● TASK REQUIREMENTS: Go to the line below that contains "IV Sztumski Nocny". From there to the end of the records, reproduce each line exactly, except the pictures.

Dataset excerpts
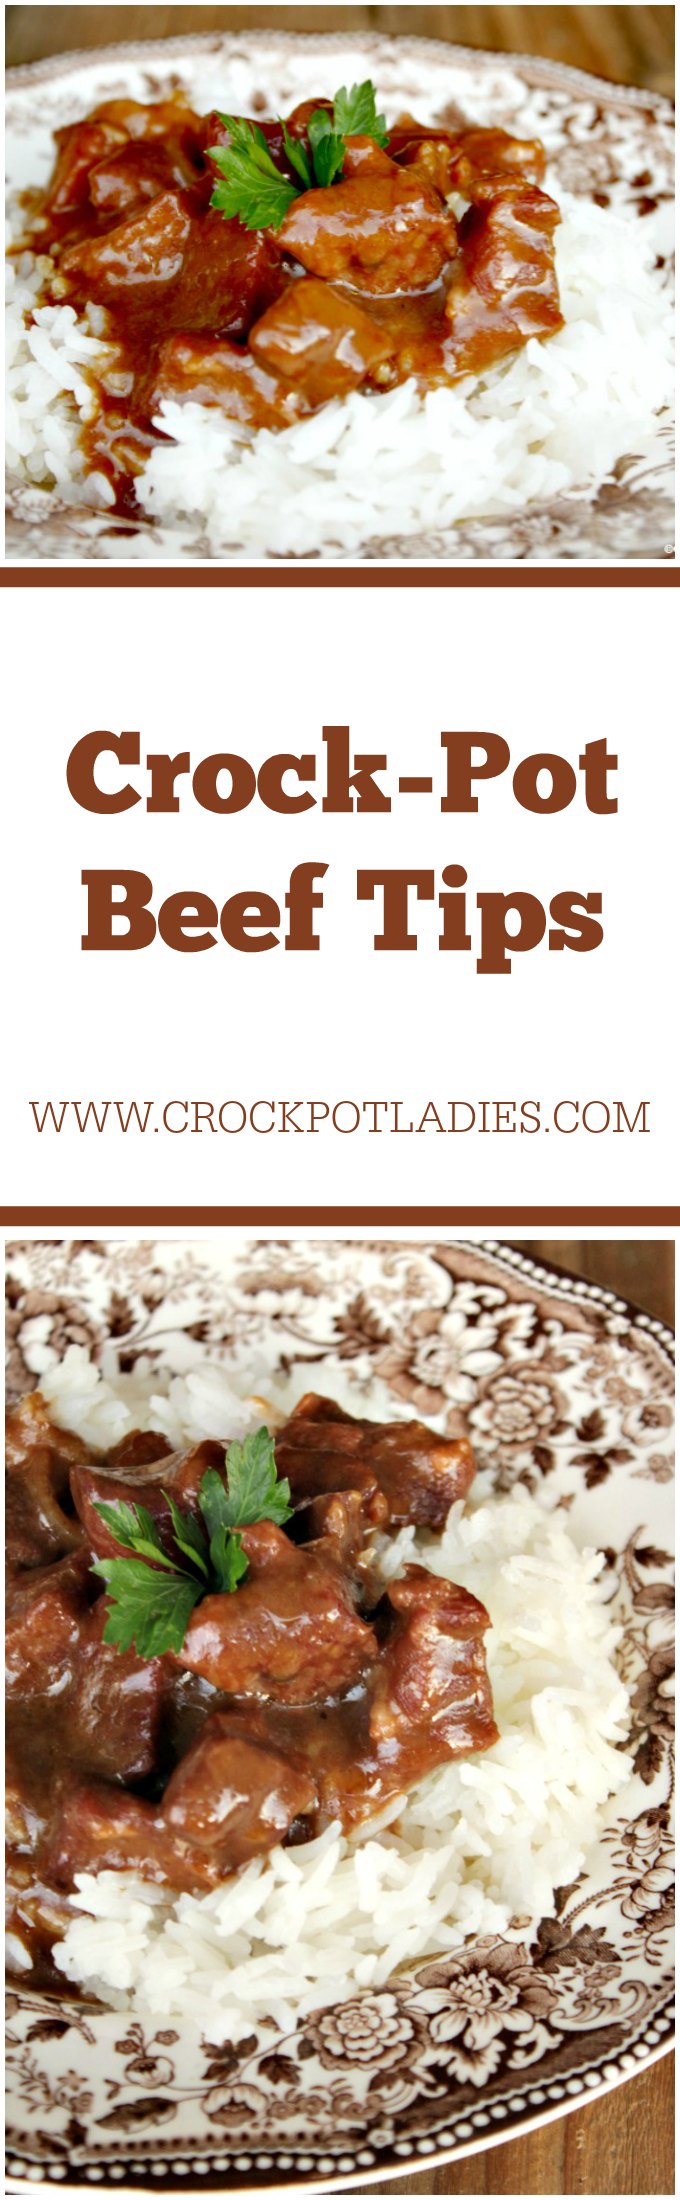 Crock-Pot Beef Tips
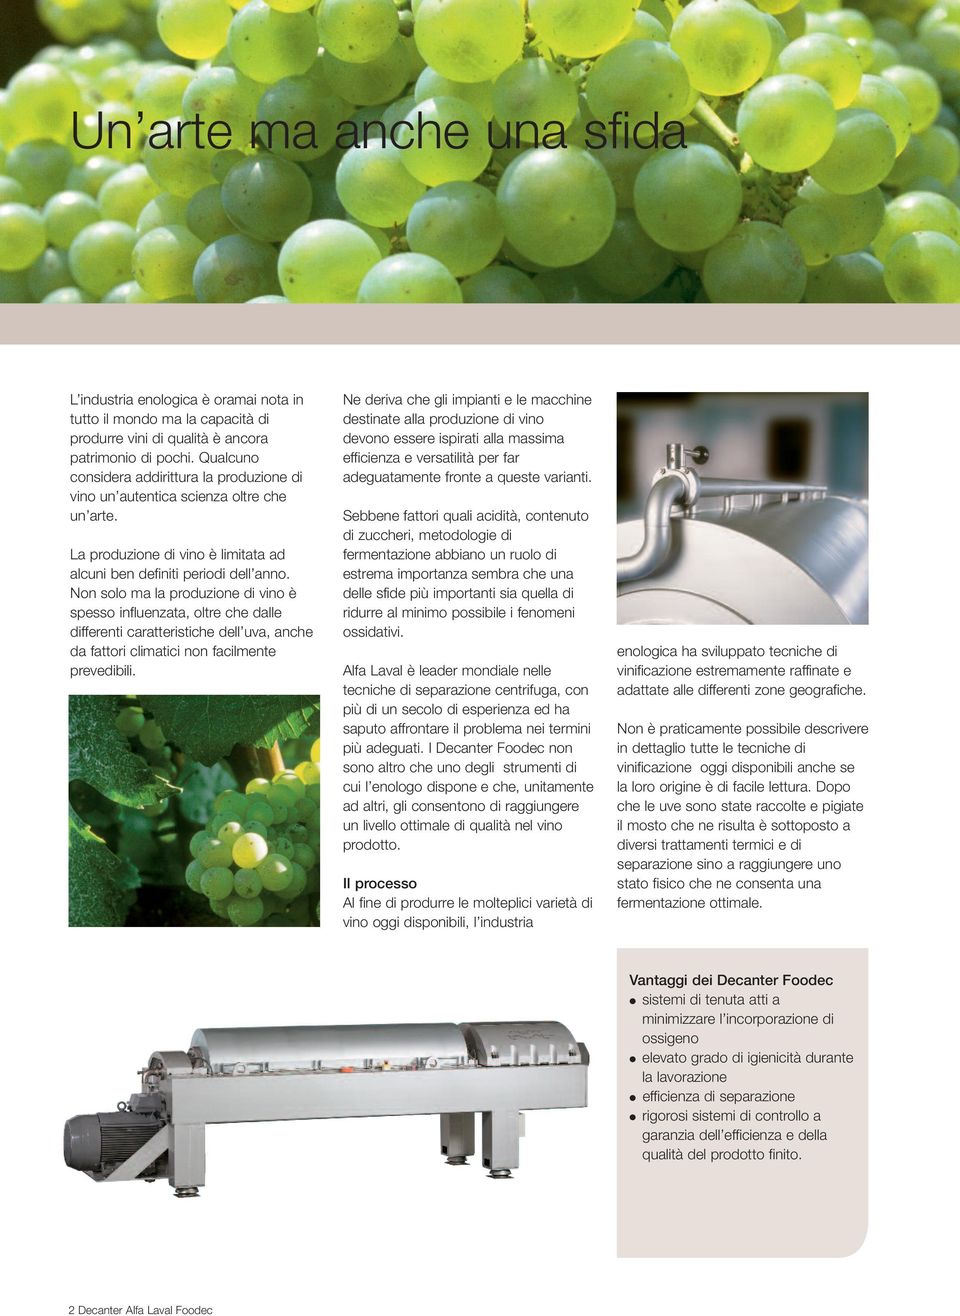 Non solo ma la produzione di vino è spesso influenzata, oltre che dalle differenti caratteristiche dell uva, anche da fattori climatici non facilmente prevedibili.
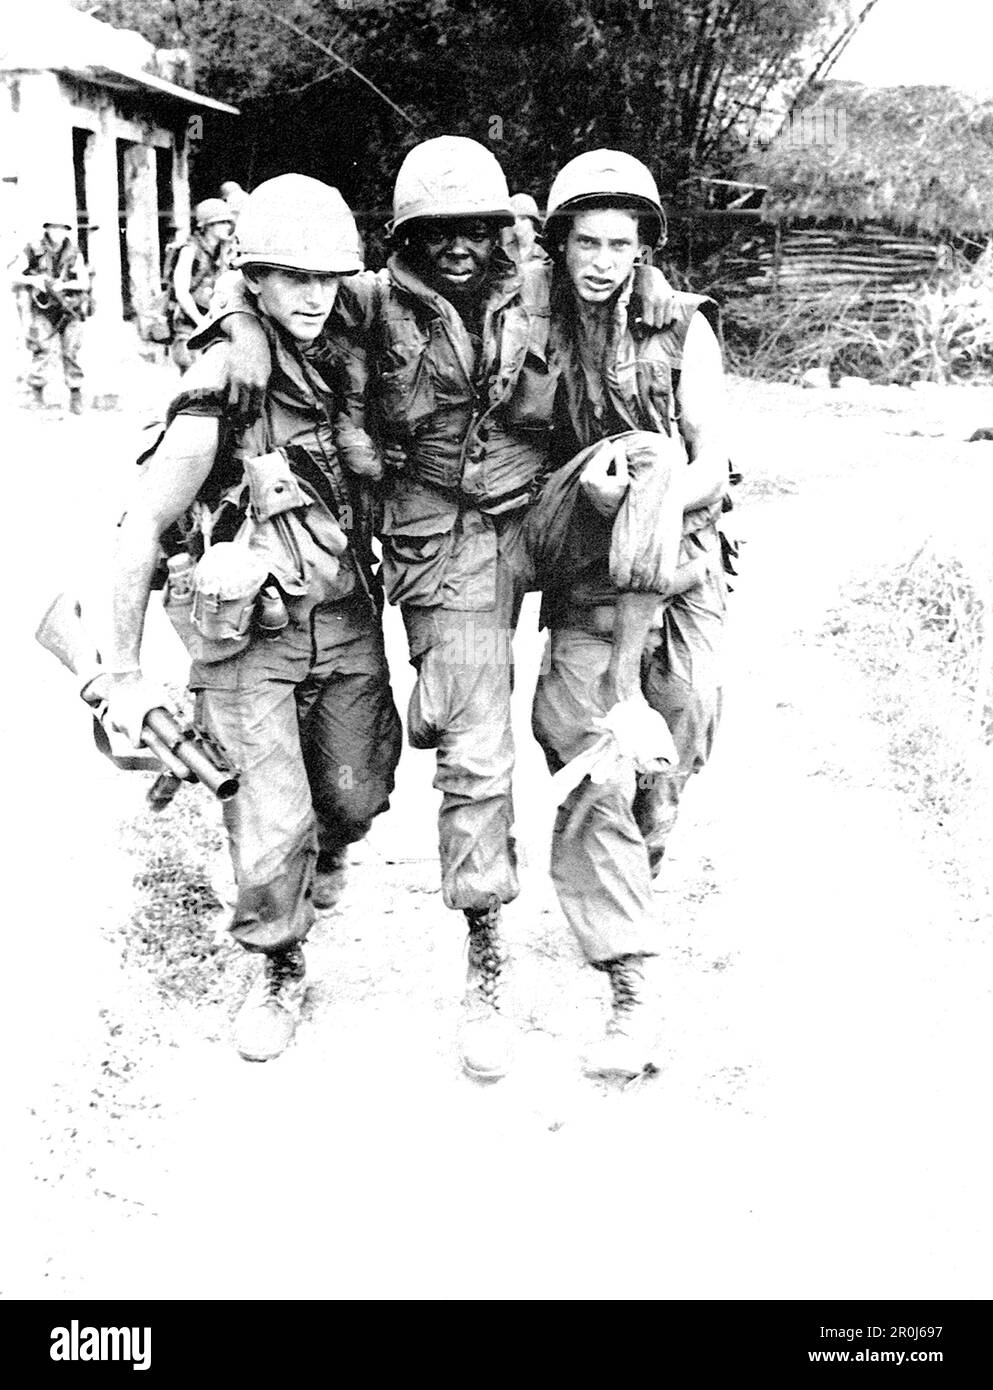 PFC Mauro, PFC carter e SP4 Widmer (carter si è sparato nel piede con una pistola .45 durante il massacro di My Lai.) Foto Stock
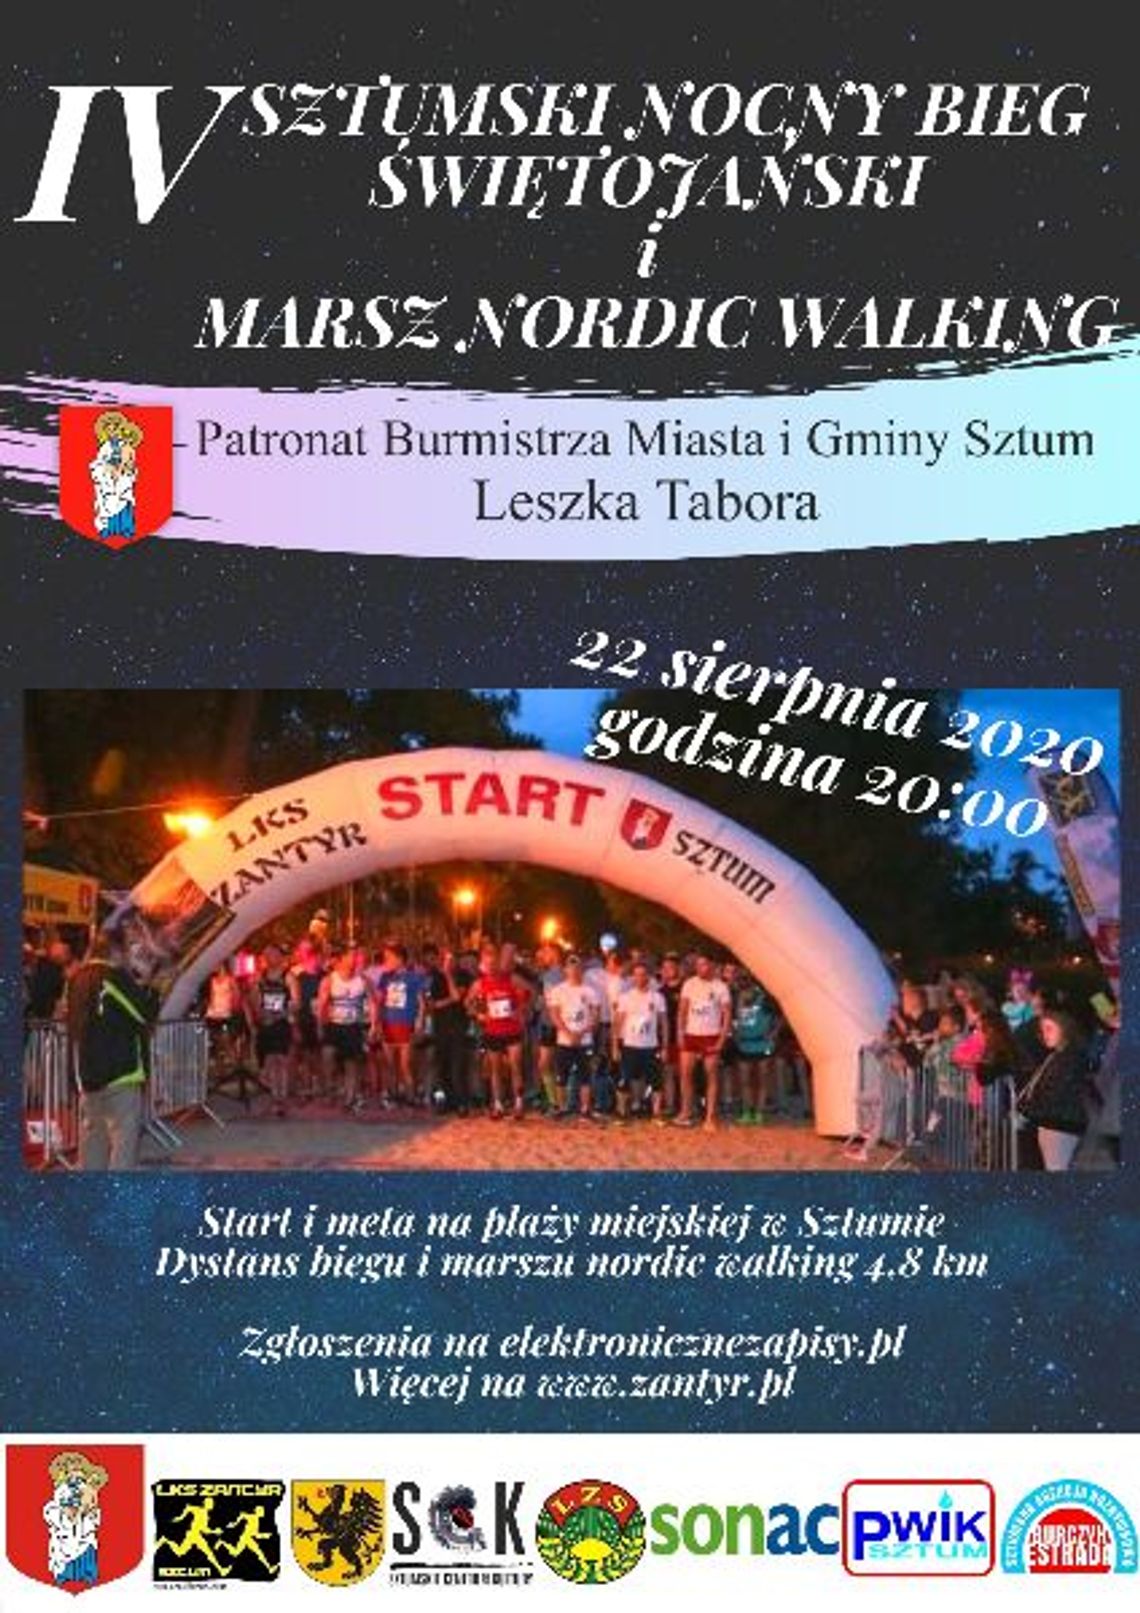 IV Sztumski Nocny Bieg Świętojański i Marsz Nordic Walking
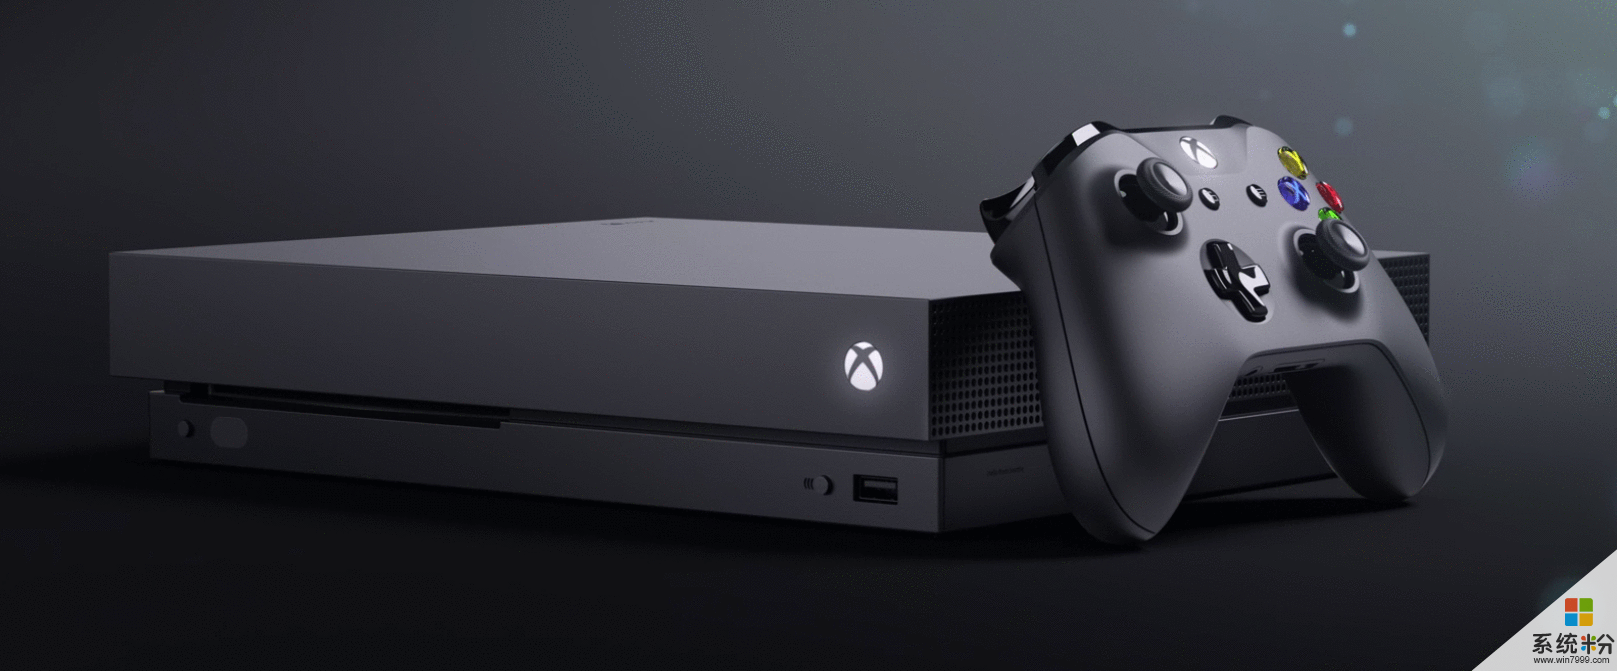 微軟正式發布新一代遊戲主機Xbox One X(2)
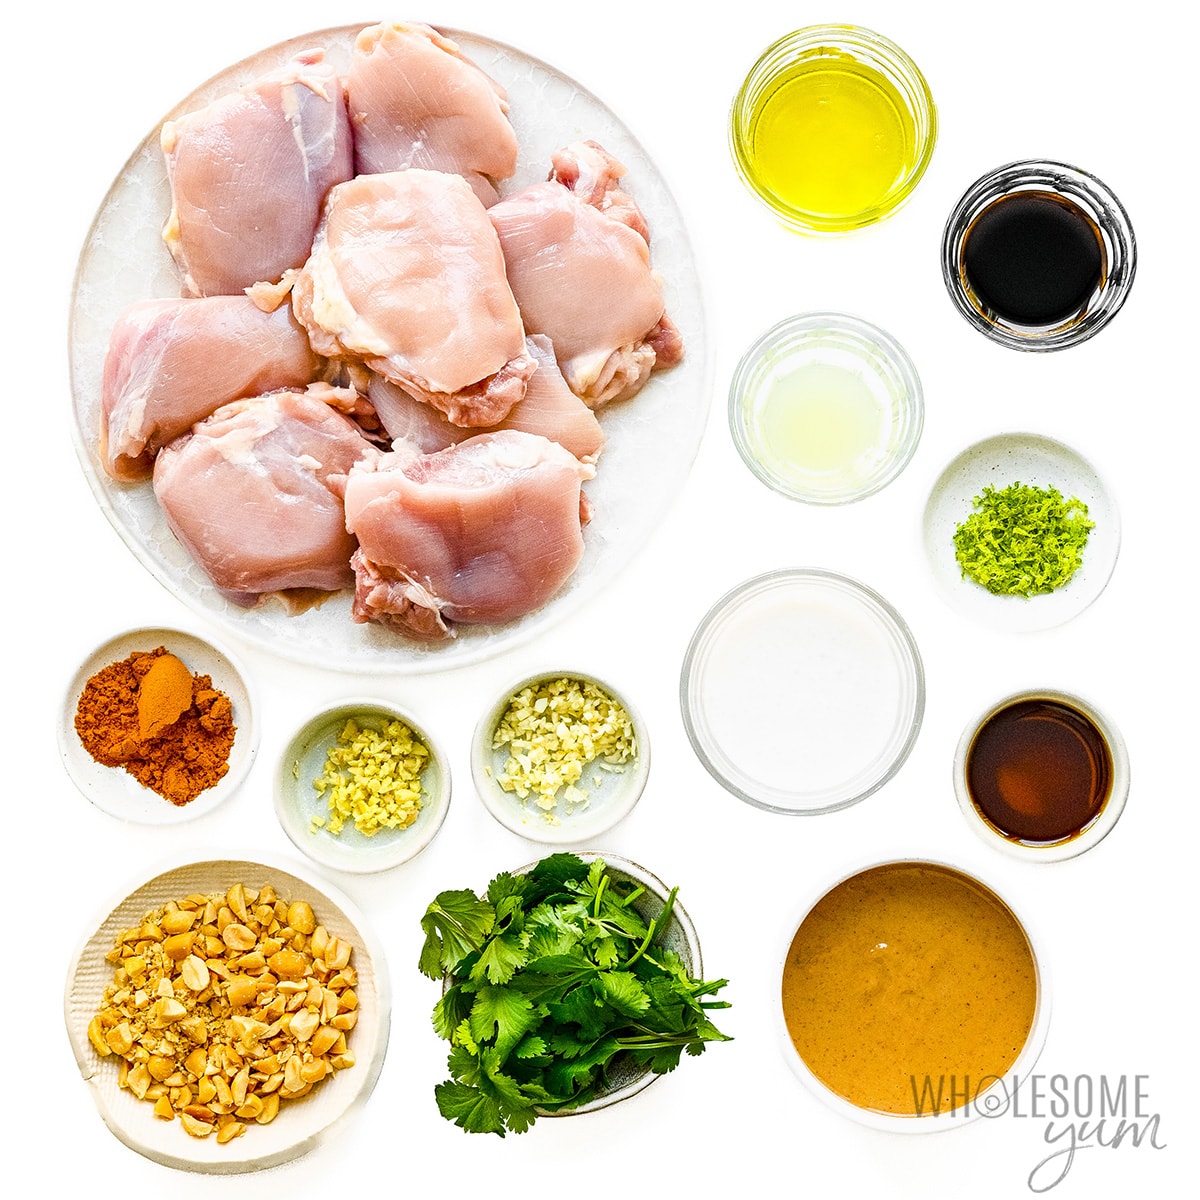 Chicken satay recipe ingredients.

● YOUR RESPONSE:
 IV Sztumski Nocny Bieg Świętojański i Marsz Nordic Walking
 微軟正式發布新一代遊戲主機Xbox One X(2)
 Chicken satay recipe ingredients.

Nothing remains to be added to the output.